_TASK GOAL_
From the listing that follows, reproduce only the lines from the one holding "Cute Native American" through the one holding "SUNSOUT INC - Springtime", both included, with no pictures.

_RECORDS SHOWN_
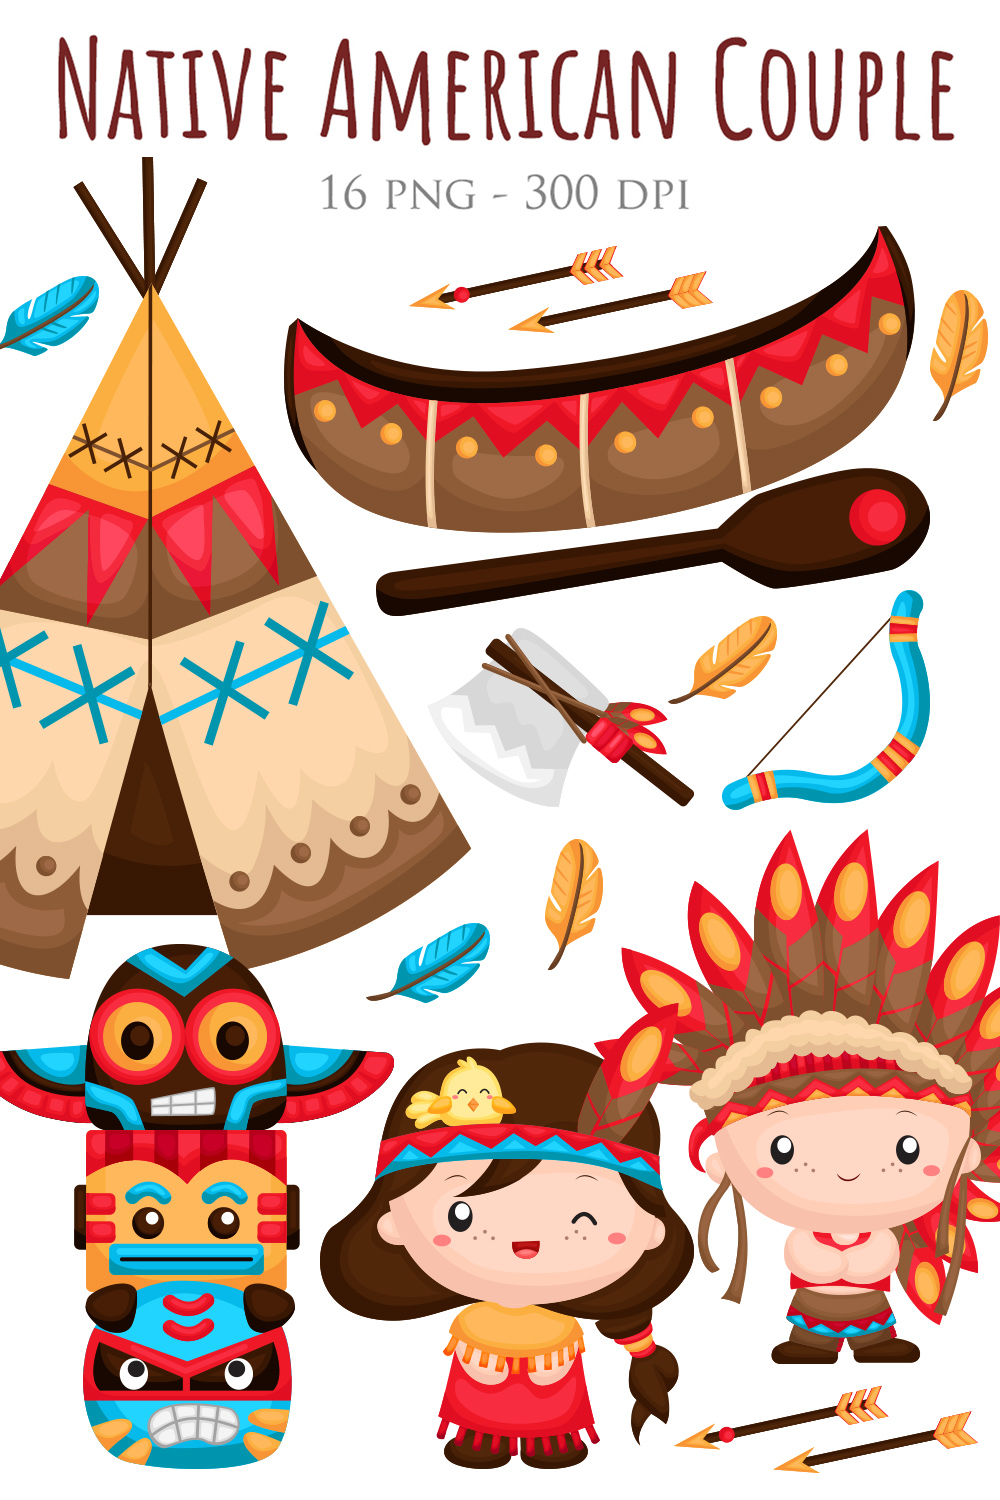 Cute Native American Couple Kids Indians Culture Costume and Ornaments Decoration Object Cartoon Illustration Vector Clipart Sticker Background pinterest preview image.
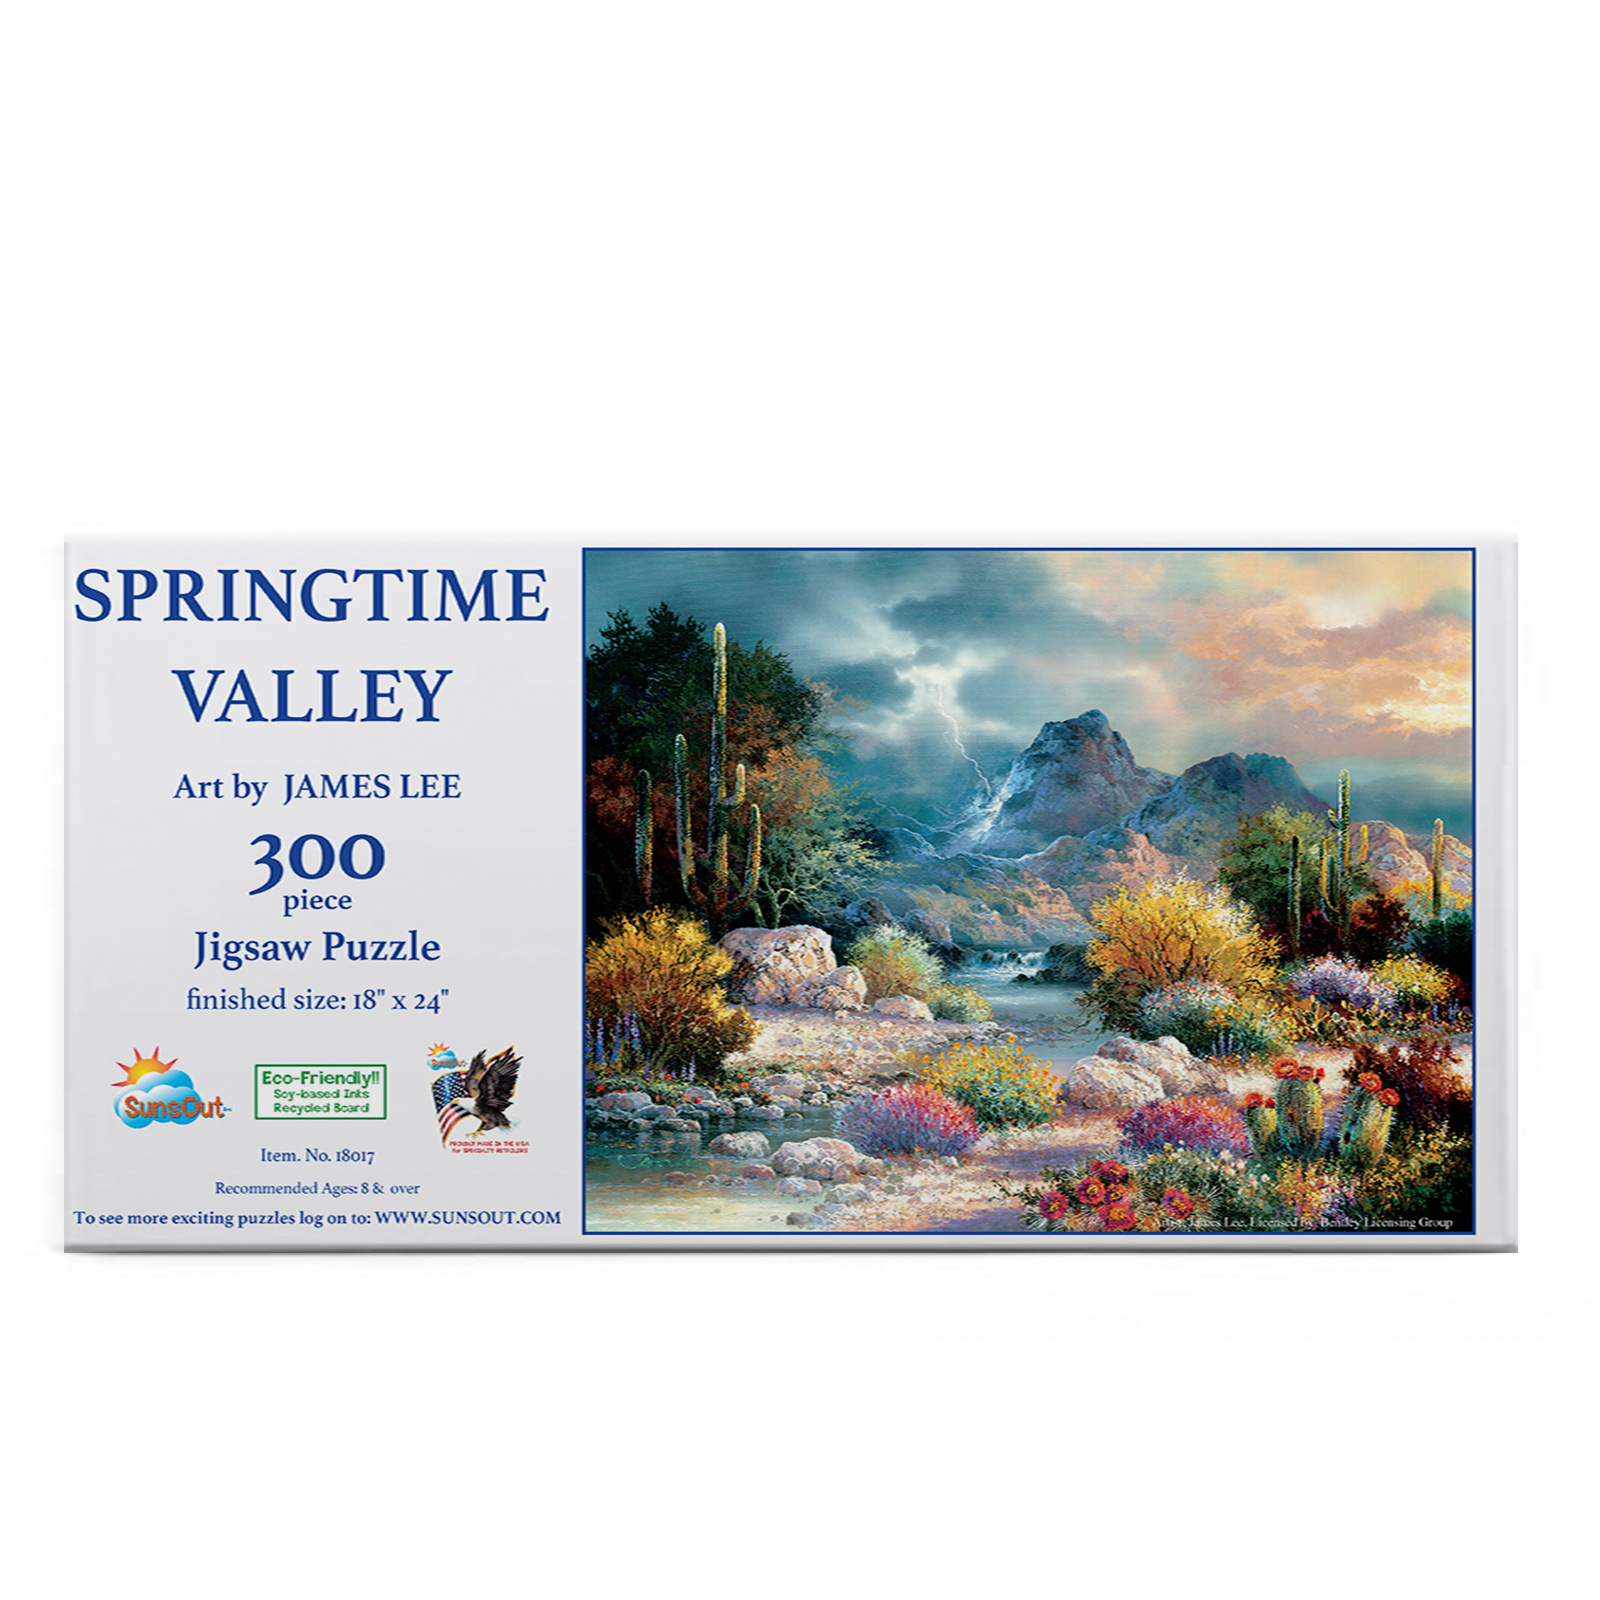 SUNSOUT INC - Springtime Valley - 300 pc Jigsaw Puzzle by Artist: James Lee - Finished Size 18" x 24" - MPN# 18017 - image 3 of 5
...
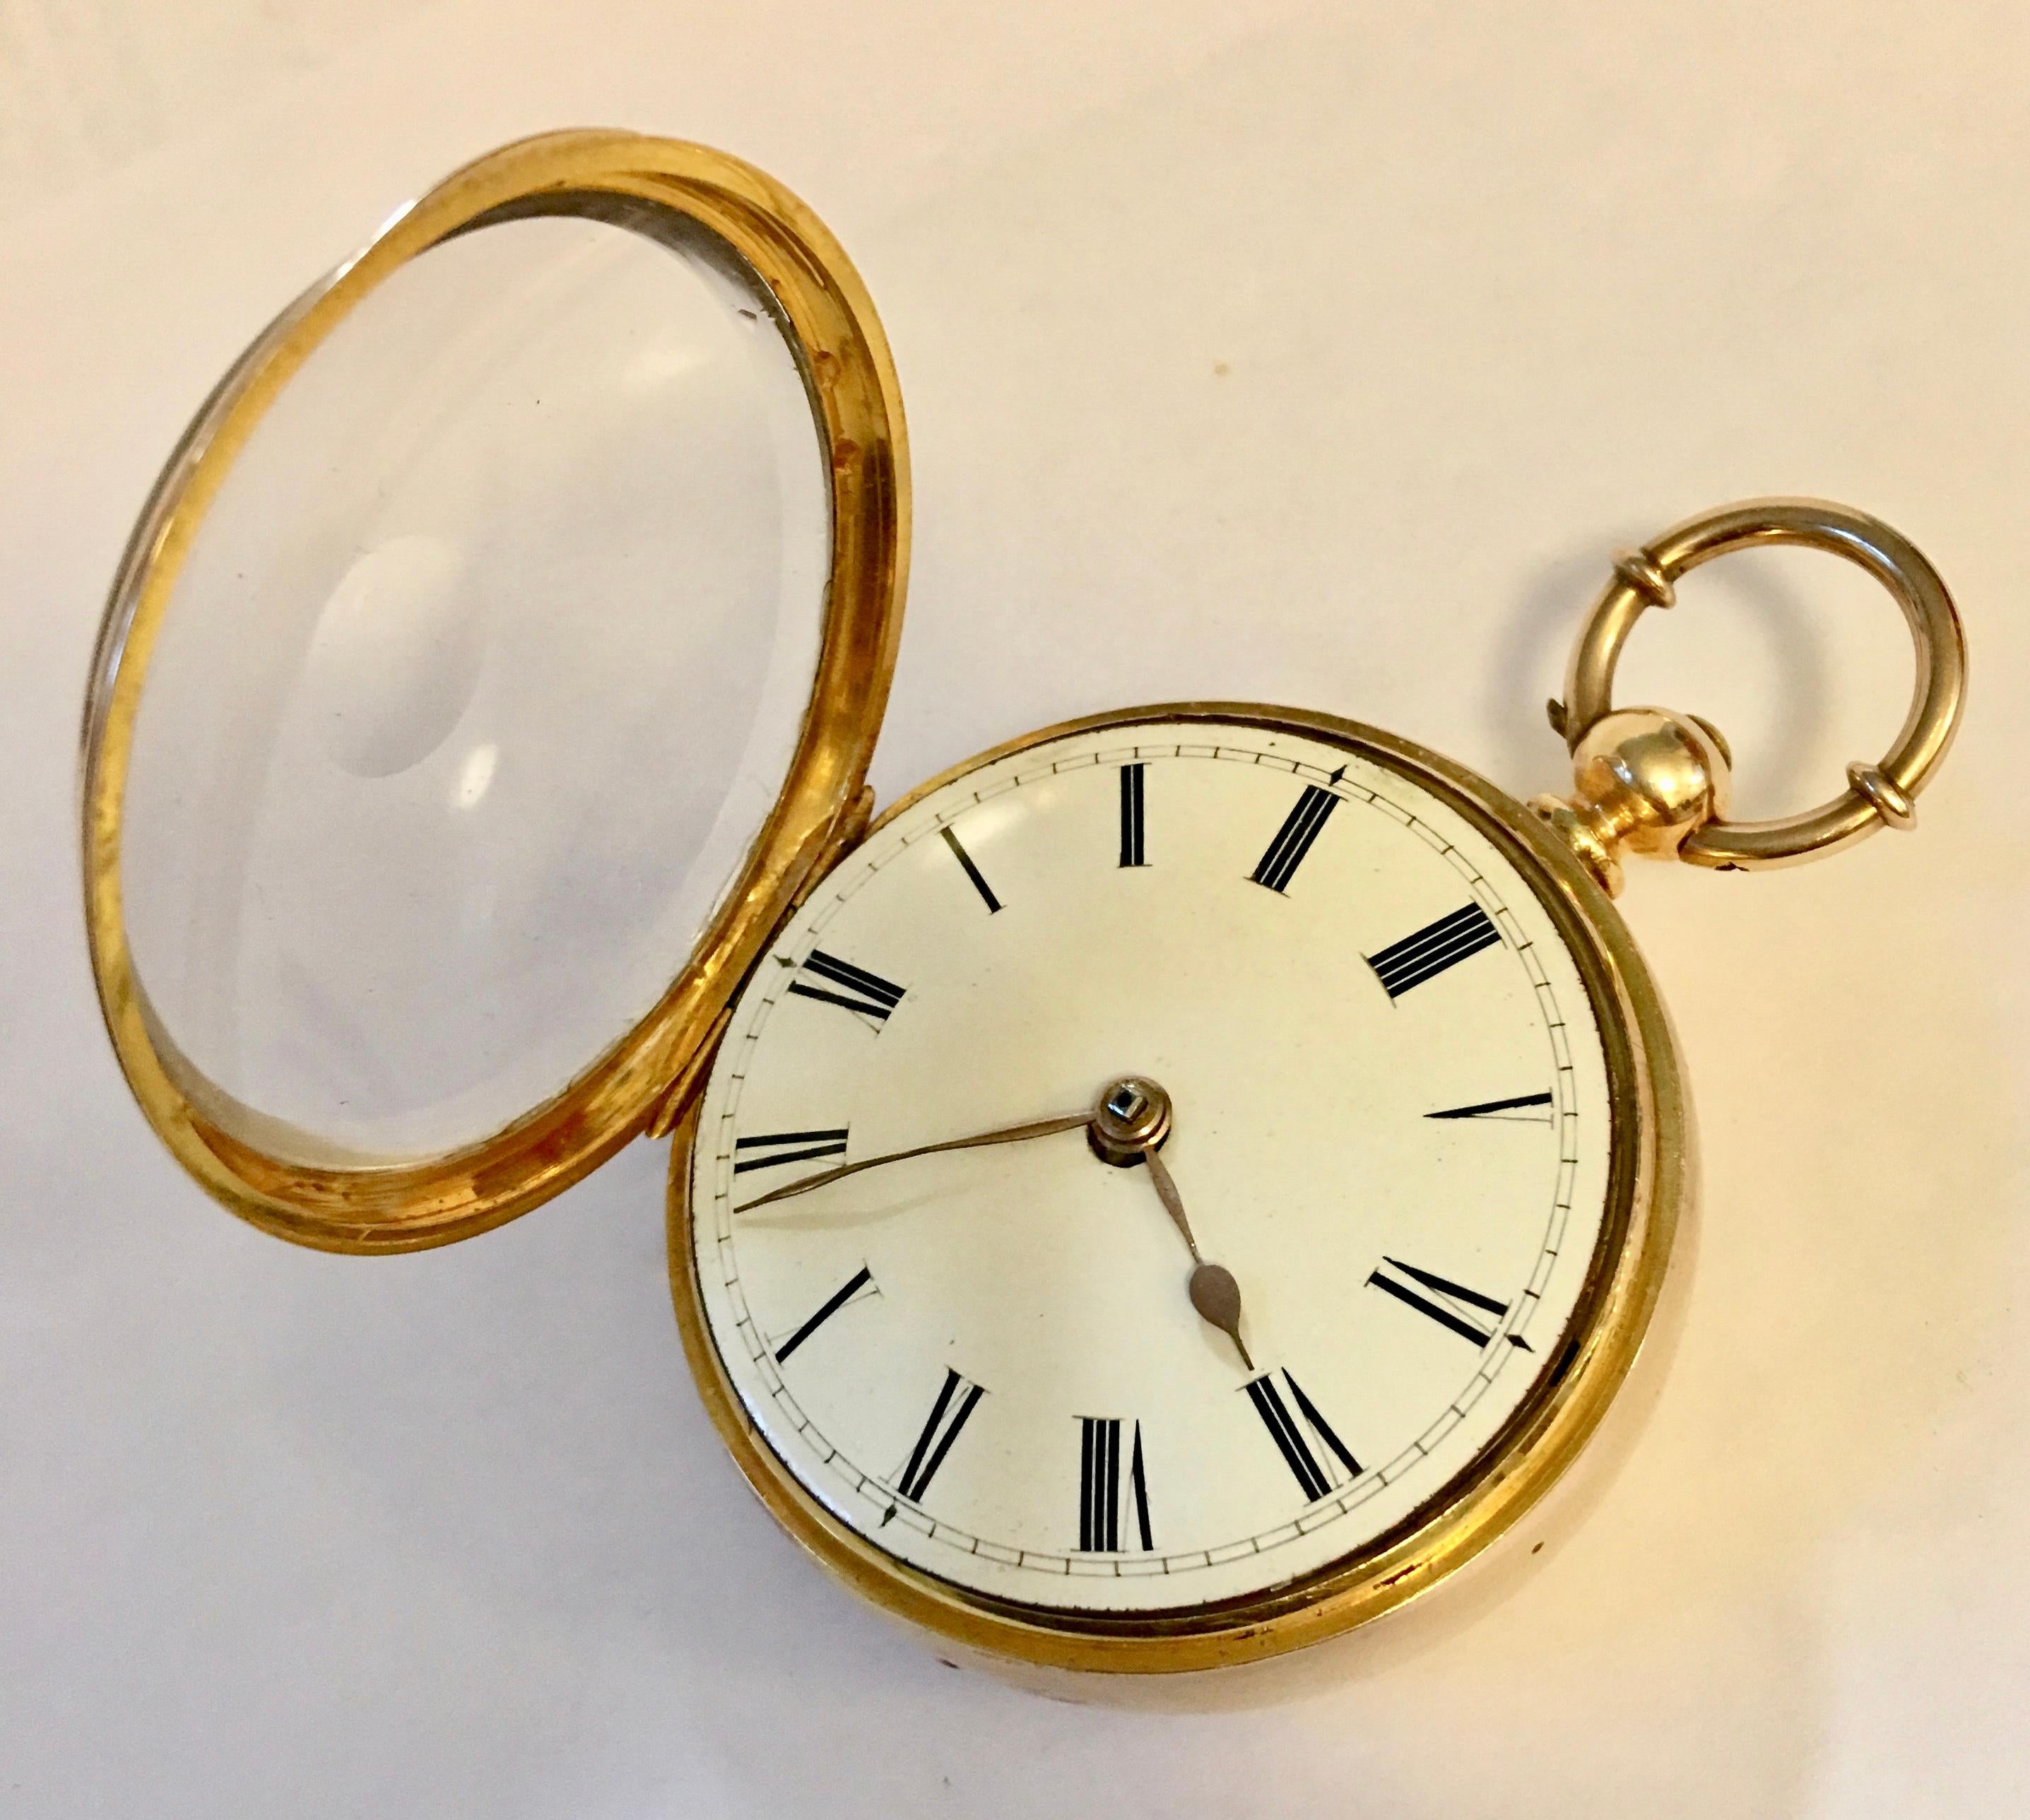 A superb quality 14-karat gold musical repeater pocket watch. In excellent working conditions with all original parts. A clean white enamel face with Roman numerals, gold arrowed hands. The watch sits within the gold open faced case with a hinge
==
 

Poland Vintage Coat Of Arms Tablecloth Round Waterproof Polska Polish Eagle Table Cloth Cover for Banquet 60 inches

_EXERCISE RESULT_
 Cute Native American Couple Kids Indians Culture Costume and Ornaments Decoration Object Cartoon Illustration Vector Clipart Sticker Background pinterest preview image.
 SUNSOUT INC - Springtime Valley - 300 pc Jigsaw Puzzle by Artist: James Lee - Finished Size 18" x 24" - MPN# 18017 - image 3 of 5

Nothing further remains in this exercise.